### DATASET CONTENT
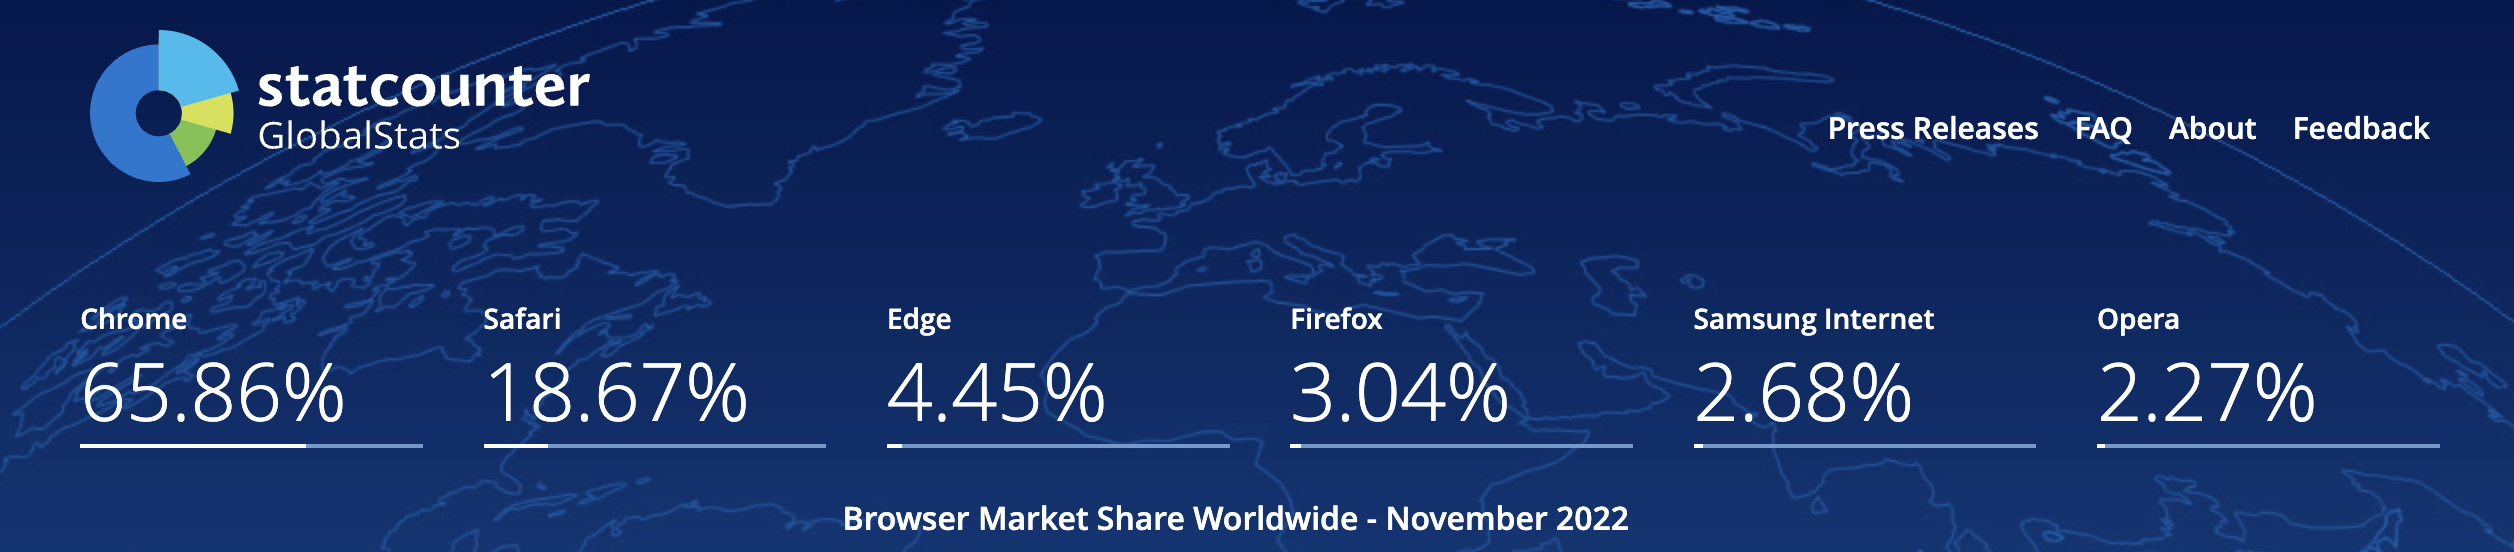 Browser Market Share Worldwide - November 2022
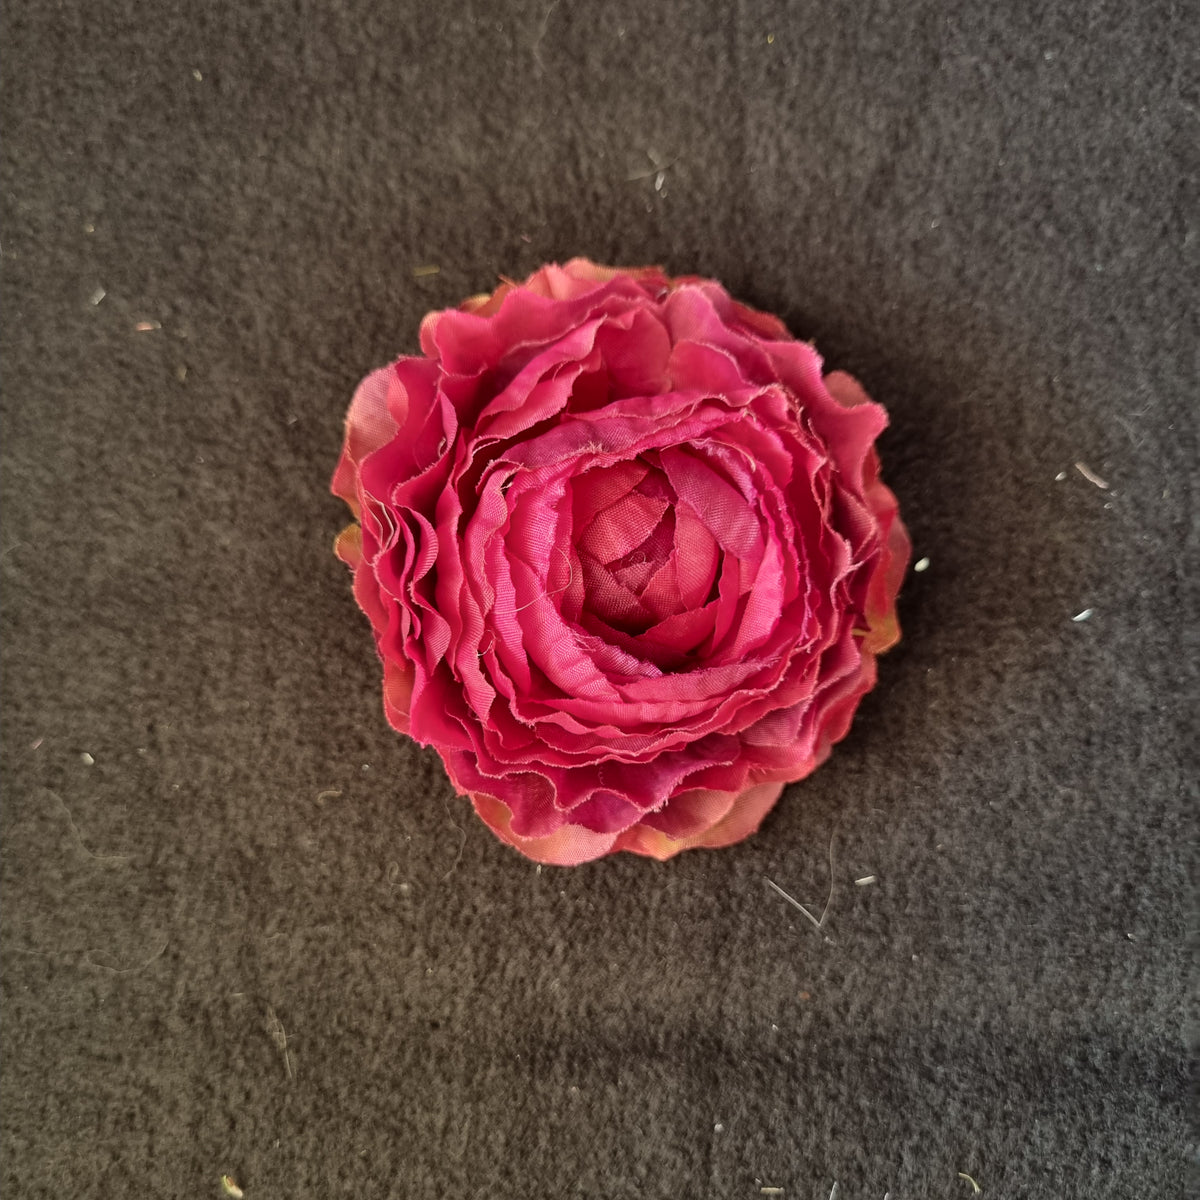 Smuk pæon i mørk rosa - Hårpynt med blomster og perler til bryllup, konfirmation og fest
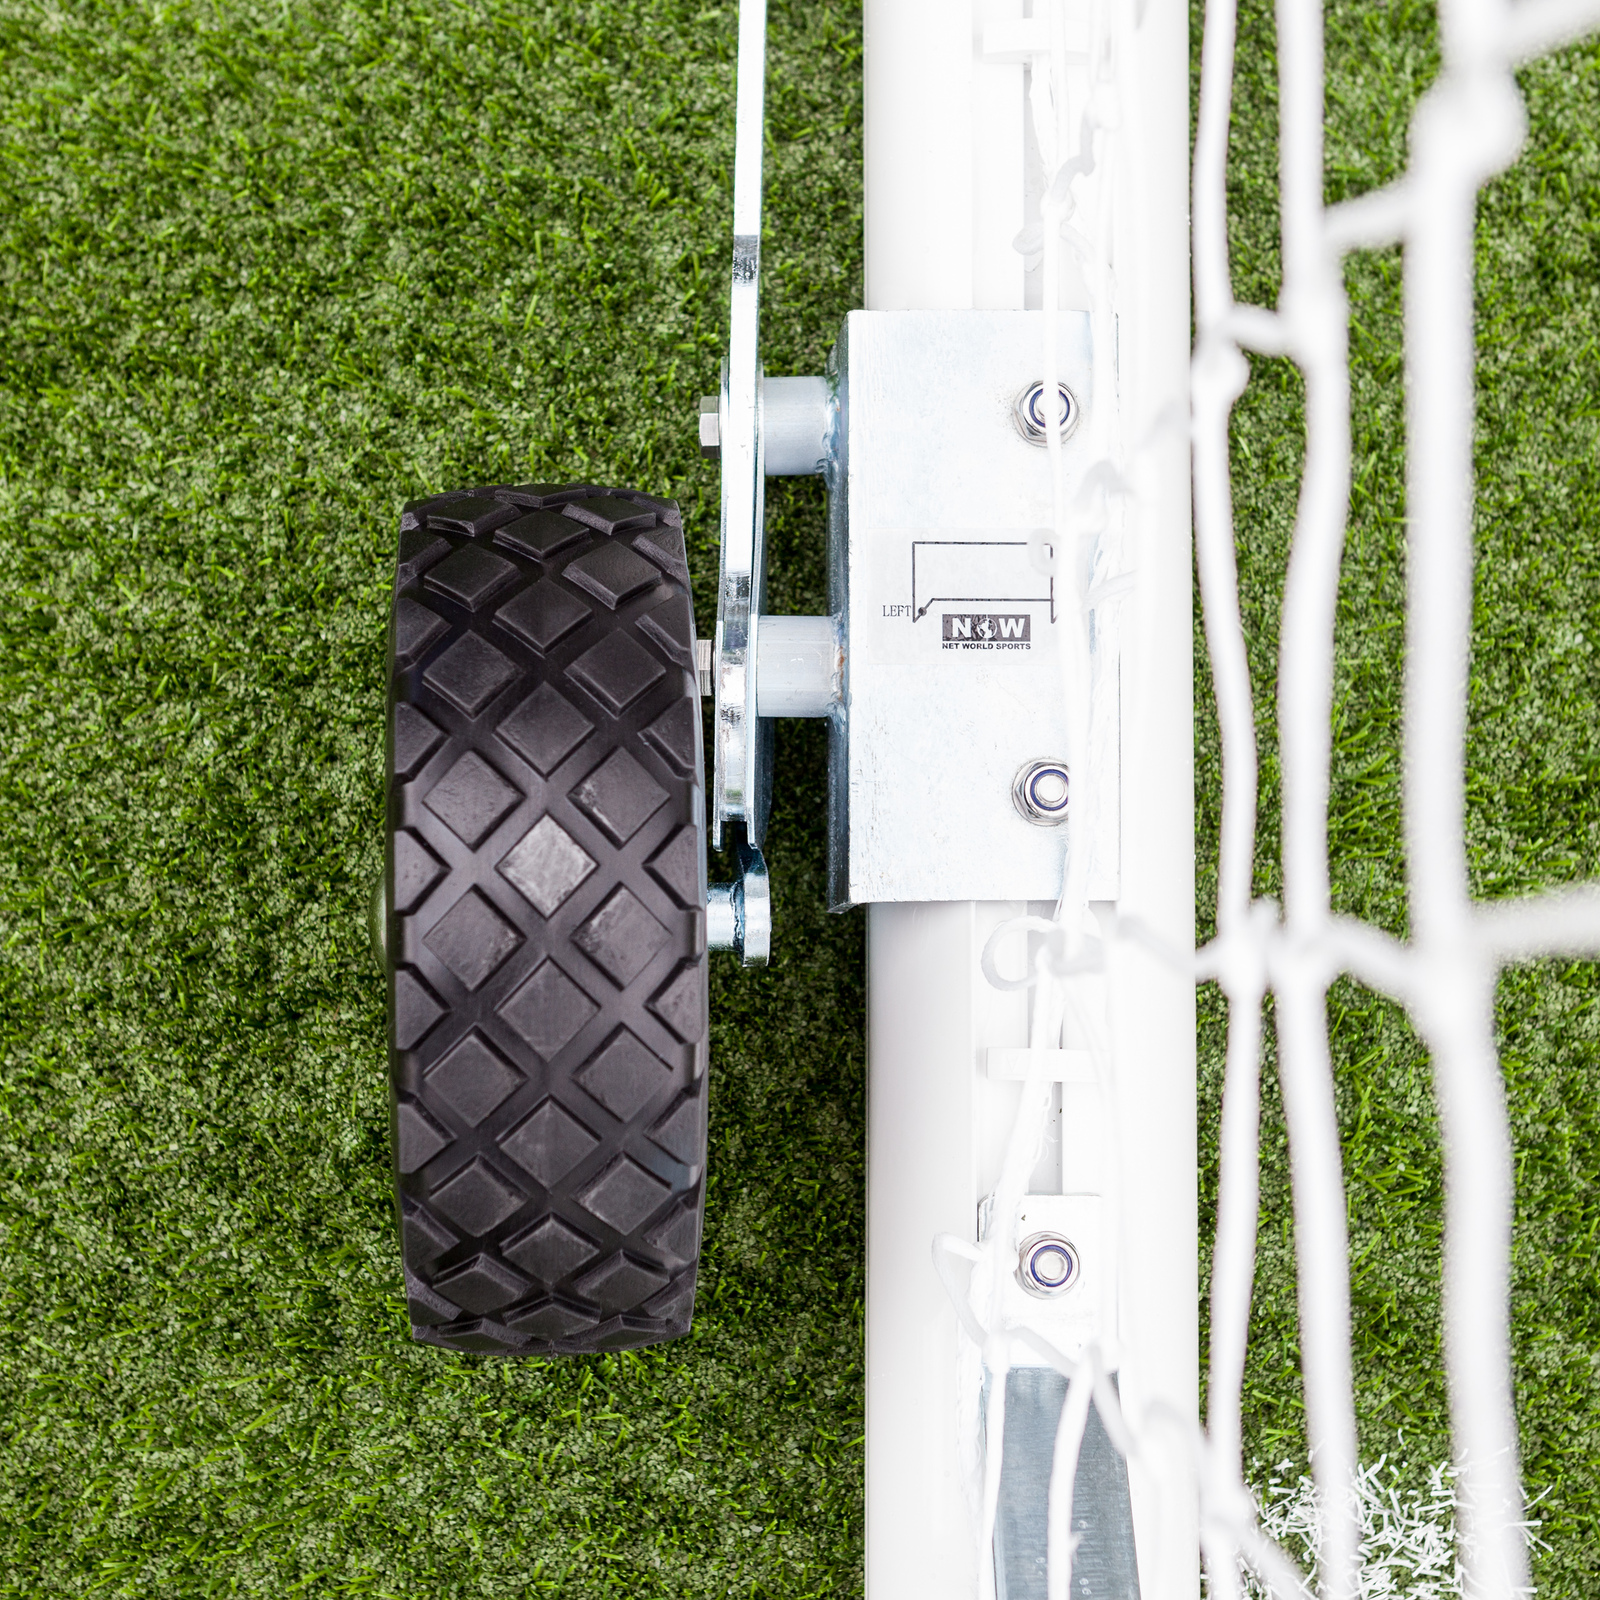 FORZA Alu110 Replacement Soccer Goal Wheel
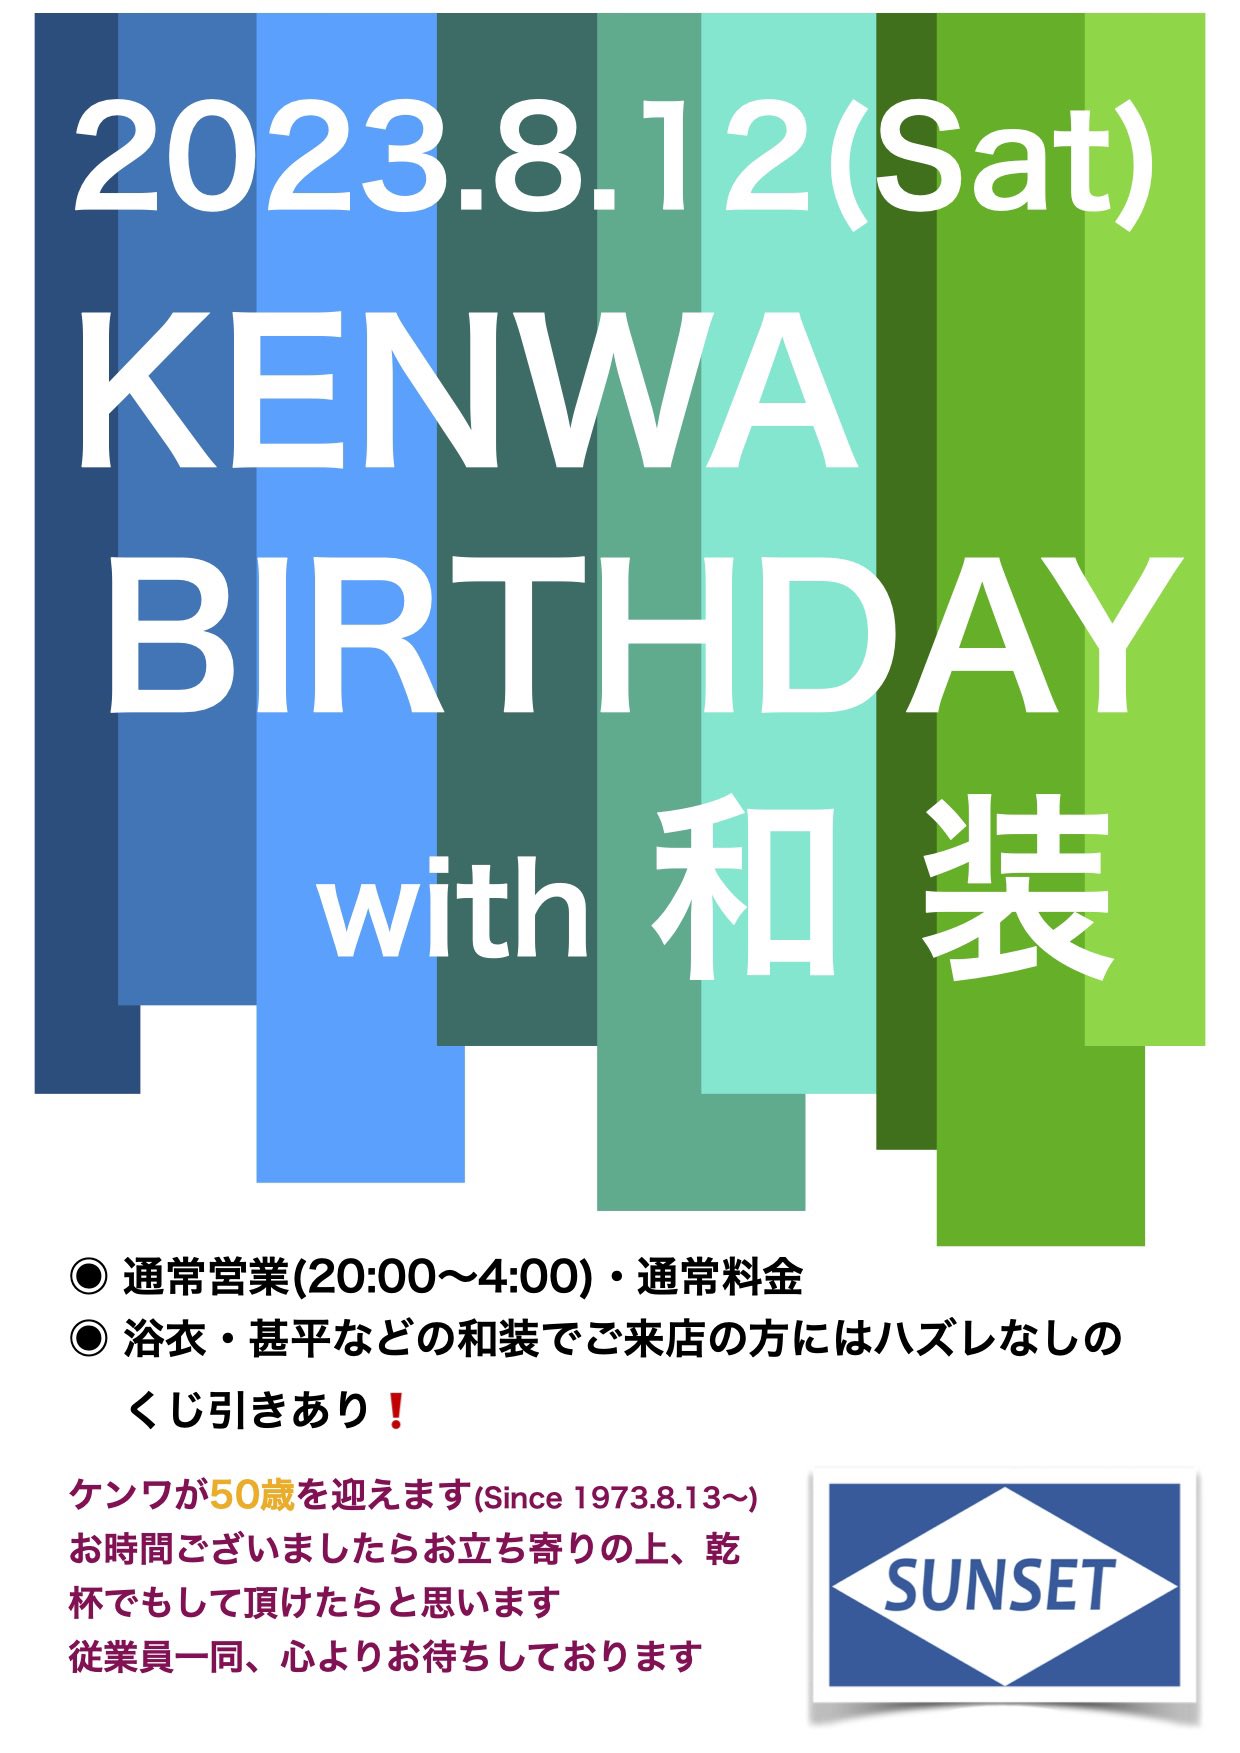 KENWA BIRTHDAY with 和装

### BRIEF
Leave the images out. Set down all of the material above exactly.

### TASK ANSWER
 Browser Market Share Worldwide - November 2022
 Smuk pæon i mørk rosa - Hårpynt med blomster og perler til bryllup, konfirmation og fest
 FORZA Alu110 Replacement Soccer Goal Wheel
 KENWA BIRTHDAY with 和装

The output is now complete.